How to get an idea of the variety of things which the hand can do.
I have mentioned in this chapter a few of the things that are done by the hand, but there is no end to the things that can be done by this set of machinery. You can get some idea of this in two ways—by moving your hands and fingers about in all sorts of ways, and by thinking of as many as you can of the different things that people, in work or in play, do with their hands. And observe in how many more ways the hand is useful than the foot is. The foot has but a few things to do compared with the multitude of things done by the hand.
Questions.—What animal has something like a hand? How does it compare with your hand? Why would you call the hand a set of machinery rather than an instrument? What is said about the fingers doing heavy and light work? Tell about the rope and the thread. What is said about the different kinds of both coarse and fine work that the hand can do? What is said about playing on an instrument? What is said of the alphabet of the deaf and dumb? What is said about the common things done continually by the hand? What is said of the hand as an instrument for feeling? If your hand had no feeling, what would happen? Tell about the woman who lost the power of motion in one arm and feeling in the other. In what two things is the hand different from the machines made by man? What are the parts of the machinery of the hand? In what two ways can you get an idea of the variety of things that this machinery can do?
CHAPTER XXII.
WHAT ANIMALS USE FOR HANDS.
Though animals do not have hands, they have different parts which they use to do some of the same things that we do with our hands. I will tell you about some of these in this chapter.

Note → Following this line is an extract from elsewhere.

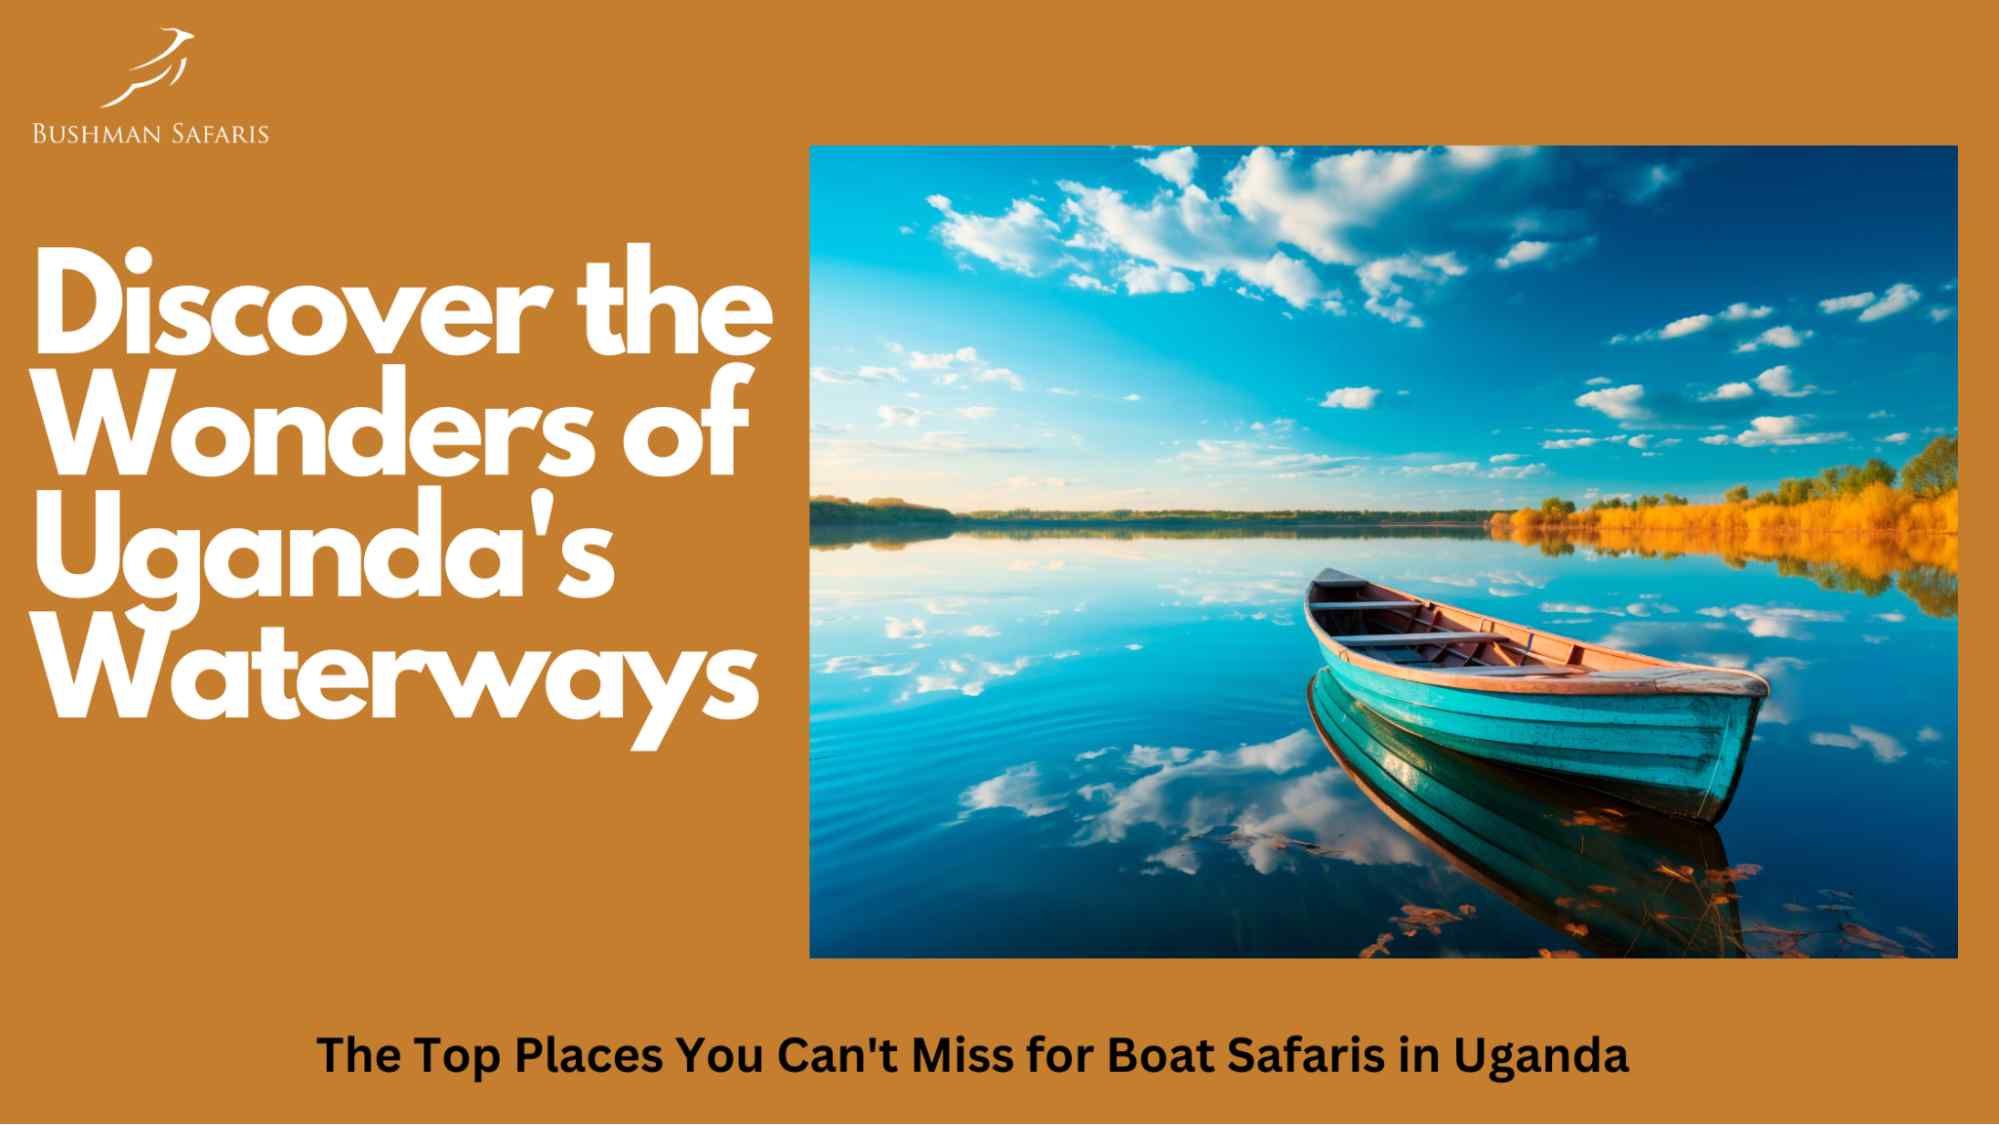 Boat Safaris in Uganda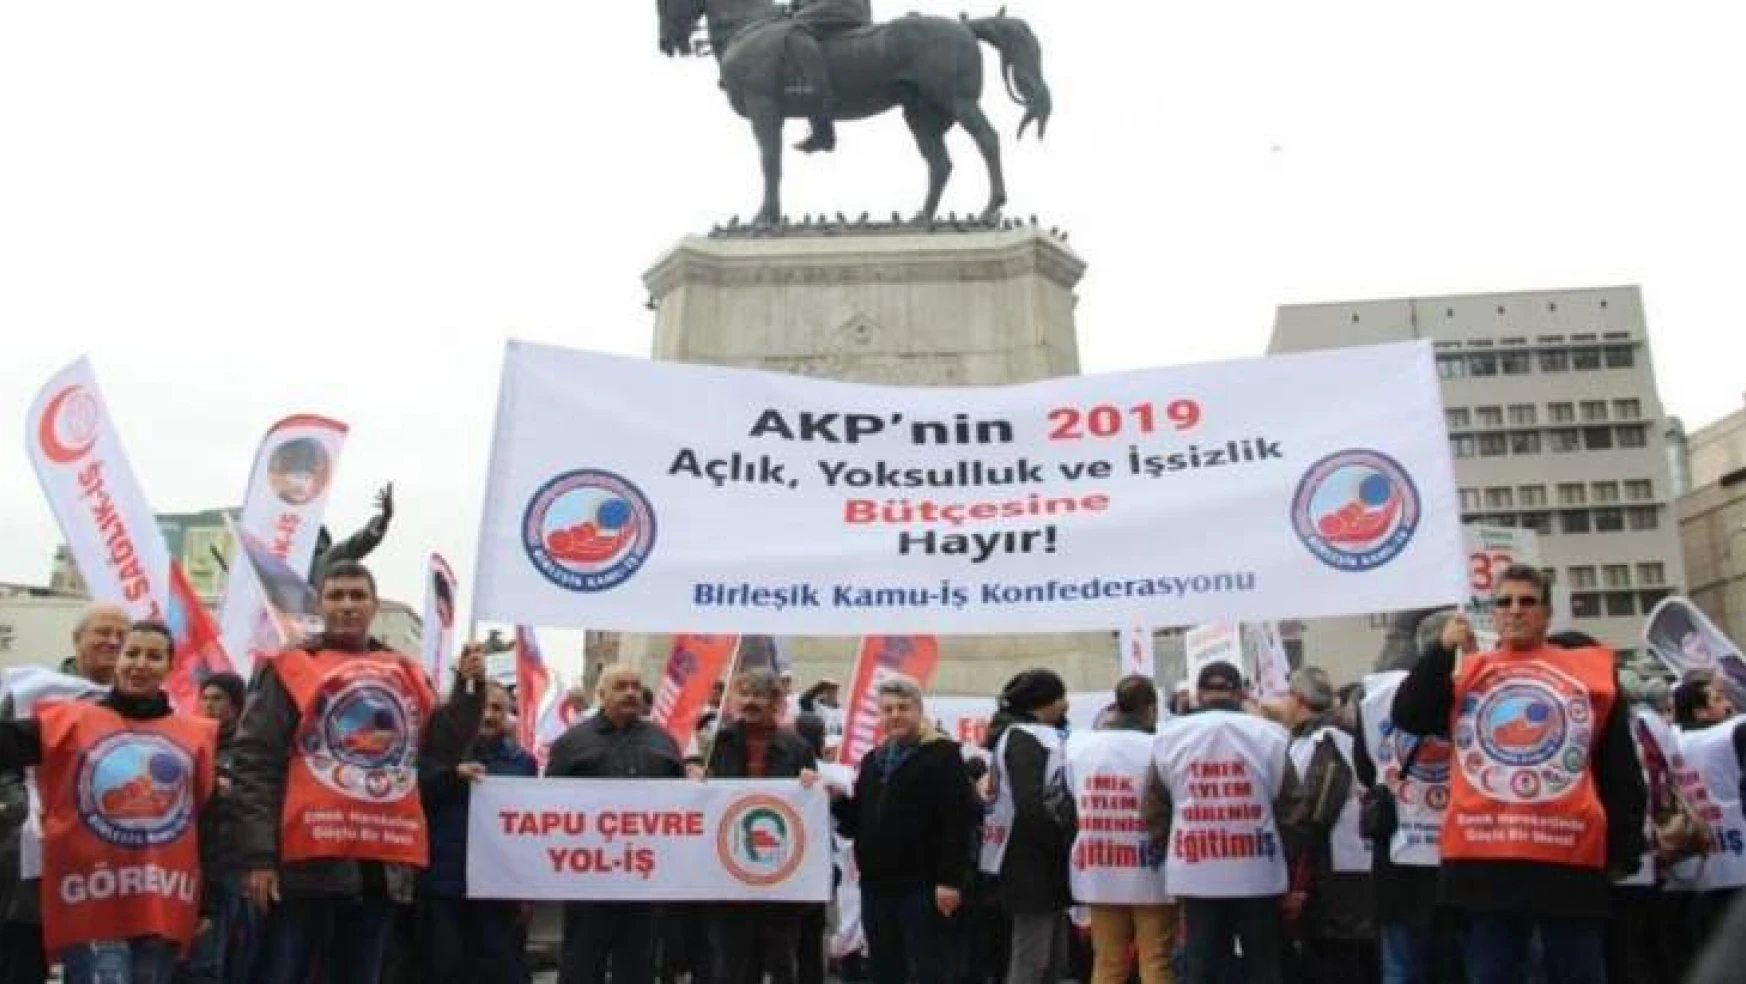 AKP'nin 2019 bütçesini protesto ettik

How teeth can serve in place of hands.
You see this dog dragging along a rope which he holds in his mouth. He is making his teeth answer in place of hands. Dogs always do this when they carry things. They can not carry them in any other way. You carry a basket along in your hand, but the dog takes it between his teeth, because he has no hand as you have.
I have told you, in another chapter, how the cow and the horse crop the grass. They do it, you know, with their front teeth. They take up almost any kind of food—a potato, an apple—with these teeth. These teeth, then, answer for hands to the cow and horse. Their lips answer also the same purpose in many cases. The horse gathers his oats into his mouth with the lips. The lips are for hands to such animals in another respect. They feel things with their lips just as we do with the tips of our fingers.